В горле першило, там вырос неопрятный ком, словно из птичьих
перьев, я сделал усилие, прохрипел:
– Так уж и обязательно?..
Он покачал головой снова:
– А разве мир не держится только на заблуждении, что
человек вечен? Пусть в аду, в муках, но будет жить?.. Или путем реинкарнации
переселится в тело другого человека? Или как-то еще? Даже подлейший бандит и
наркоман глубоко в подсознании верит, что в новой жизни у него все пойдет
по-другому. Тут он, значит, жертва обстоятельств: родители подвели, друзья-алкаши,
в правительстве идиоты, жена стерва, а потом… Там!.. Ему карты выпадут лучше…
Мир шатался перед моими глазами, а голос гуру то
приближался, то истончался до мышиного писка. Оказывается, он тоже знает, что
мы все смертны…
– Все-таки обман, – услышал я свой механический
голос.
Он покачал головой в третий раз:
– А вдруг нет? Что мы теряем, когда ищем?.. Разве лучше
свободное от работы время проводить перед телевизором, слушать глупейшие
остроты на уровне беспозвоночных под взрывы коллективного хохота таких же
животных?
Я не нашелся, что ответить. У далай-дамы, или как там, этого
Степана Твердохлеба, глаза не просто проницательные, а глаза много повидавшего
человека, много прочувствовавшего и познавшего. А разбойничья внешность…
значит, теперь знает, что в той области, разбойничьей, искать бесполезно. А
пока сила и злость остались, можно попытаться на другом поле…
Открывая дверь на улицу, мы едва не ослепли от ярчайшего
солнца, что било в мир как сверху, так и снизу изо всех луж, попадая в зрачки
даже под опущенные веки. Чуть ли не на ощупь спустились на тротуар, запахи
кружили голову, а чистый воздух, перенасыщенный послегрозовым озоном, пьянил.

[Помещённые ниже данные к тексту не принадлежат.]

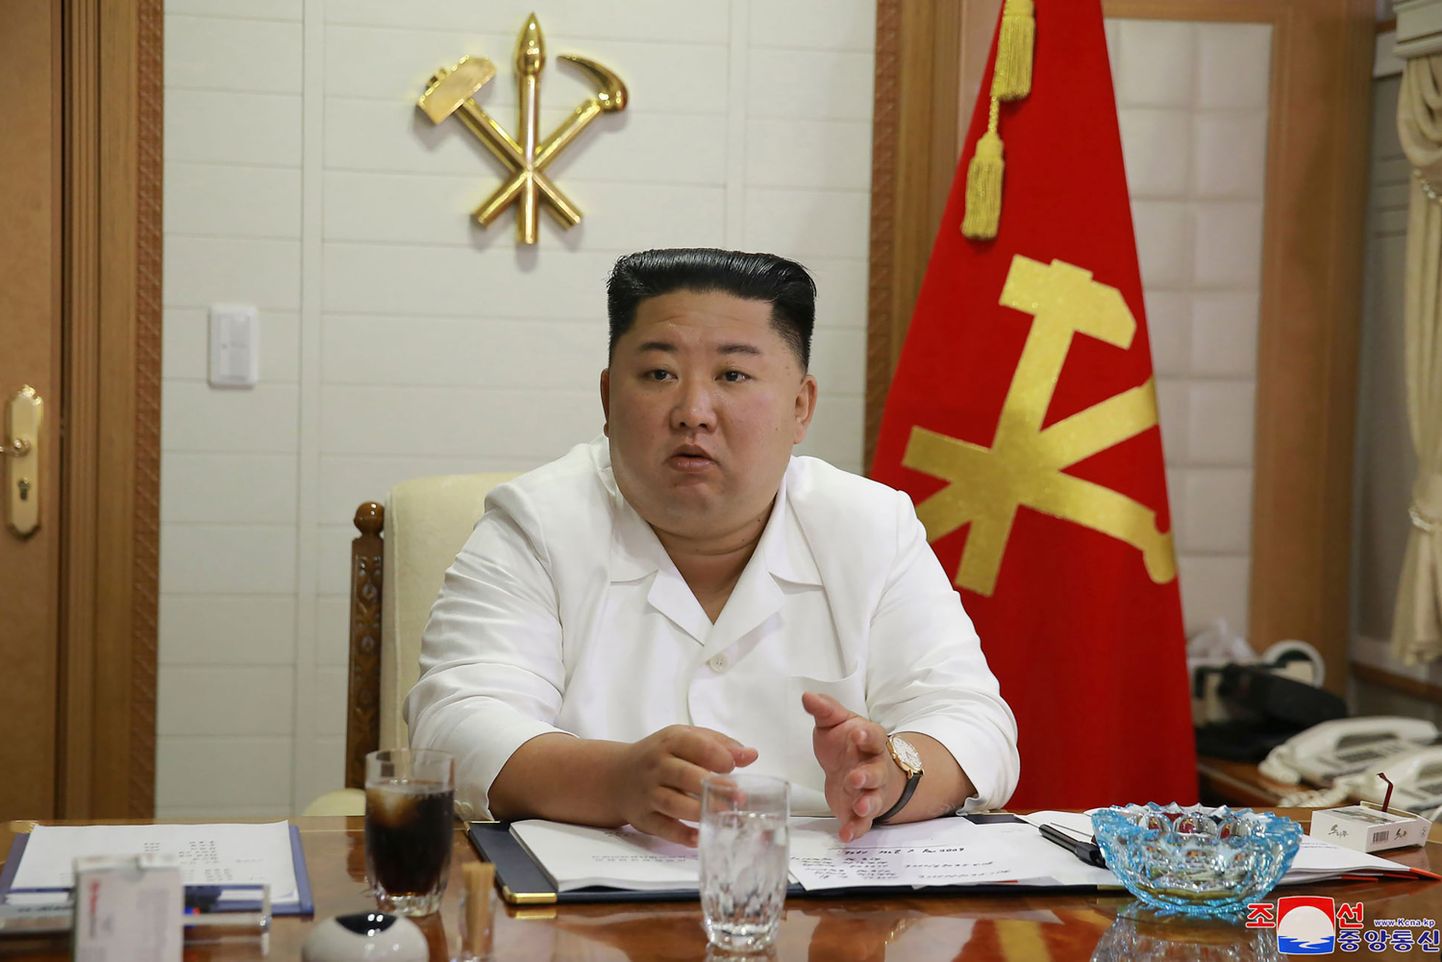 Põhja-Korea liider Kim Jong-un palus Lõuna-Korealt vabandust nende kodaniku tapmise eest.

Маринка сладко потянулась. По ее гибкому телу прошла волна,
попеременно выпячивая широкие чаши грудей, мягкий соблазнительный живот,
оттопыренные ягодицы, за которые так хорошо хвататься жадными цепкими руками.
Мне показалось даже, судя по неуловимому запаху, что створки яйцеклада зовуще
приоткрылись, высовывая кончик красного дразнящего язычка.
– Ну как тебе? – спросила она сочувствующе, но в
то же время самодовольно.
Асфальт блестел, как вымытый руками заботливой хозяйки в
ожидании гостей. Рядом за бордюром все еще бежала широкая полоса воды, но уже
без сора, чистая, почти прозрачная. Стены домов посветлели, тоже вымытые, стали
видны все ямочки, раньше старательно забитые пылью.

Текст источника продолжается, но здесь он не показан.